Government is about redistribution, usually from my wallet into a defense contractor's bank account. In fact, life is about redistribution; it's called the food chain. but it's about redistributing energy from the sun to a cow to me.

"California seems to be the place where bad ideas go to live—and reproduce"

yup. took us until 2012 to throw enuf of his descendants out to get back a functional government.

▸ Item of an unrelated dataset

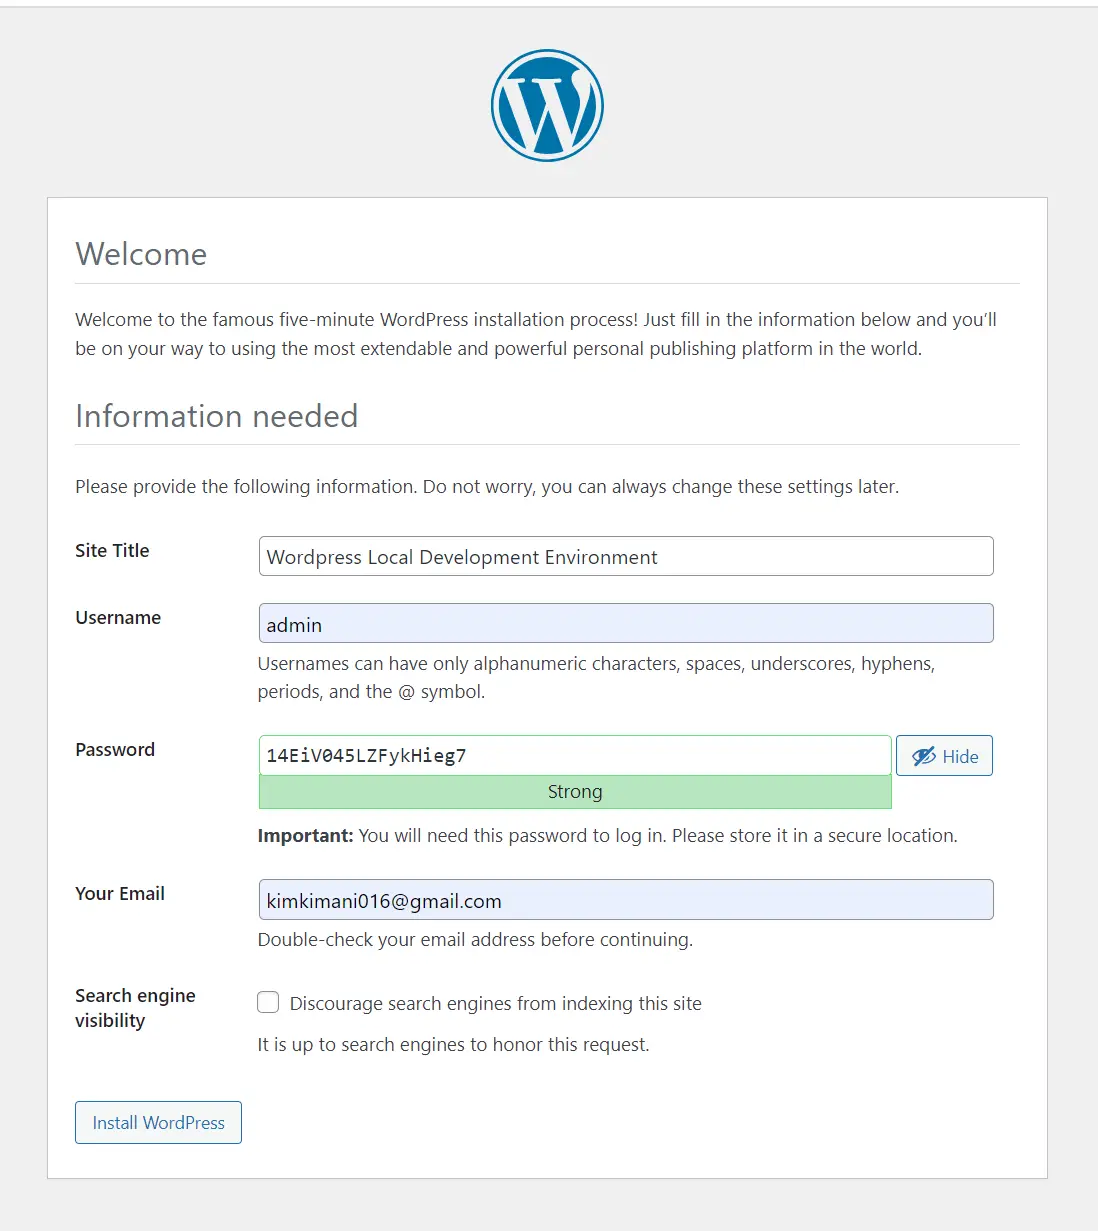 WordPress Local Development Environment with Docker Compose

"Governor Jerry Brown last year seized, er, "borrowed" nearly all of the auction proceeds for general-fund expenses"

that was very wrong.

OTH, "Mr. Steinberg now plans to raise Mr. Brown by spending future cashflows on his personal favorites: 40% for "sustainable communities" (i.e., affordable housing in urban areas); 30% for mass transit; 20% for high-speed rail; and 10% for roads and bike paths. " is pretty much



I'd put more into rail, altho I could be convinced that HSR is mass transit, and a lot into retrofit conservation as part of sustainable communities. Then I would put Van Jones in charge, Message 28888938 settle back on my deck with a bowl full of pipeweed and mug of coffee, and read about our successes in a west coast newspaper not owned by Rupert Murdoch.

"The cap-and-trade revenues must be used to reduce carbon emissions"

Exactly what sustainable communities, electric mass transit, bike paths, etc do.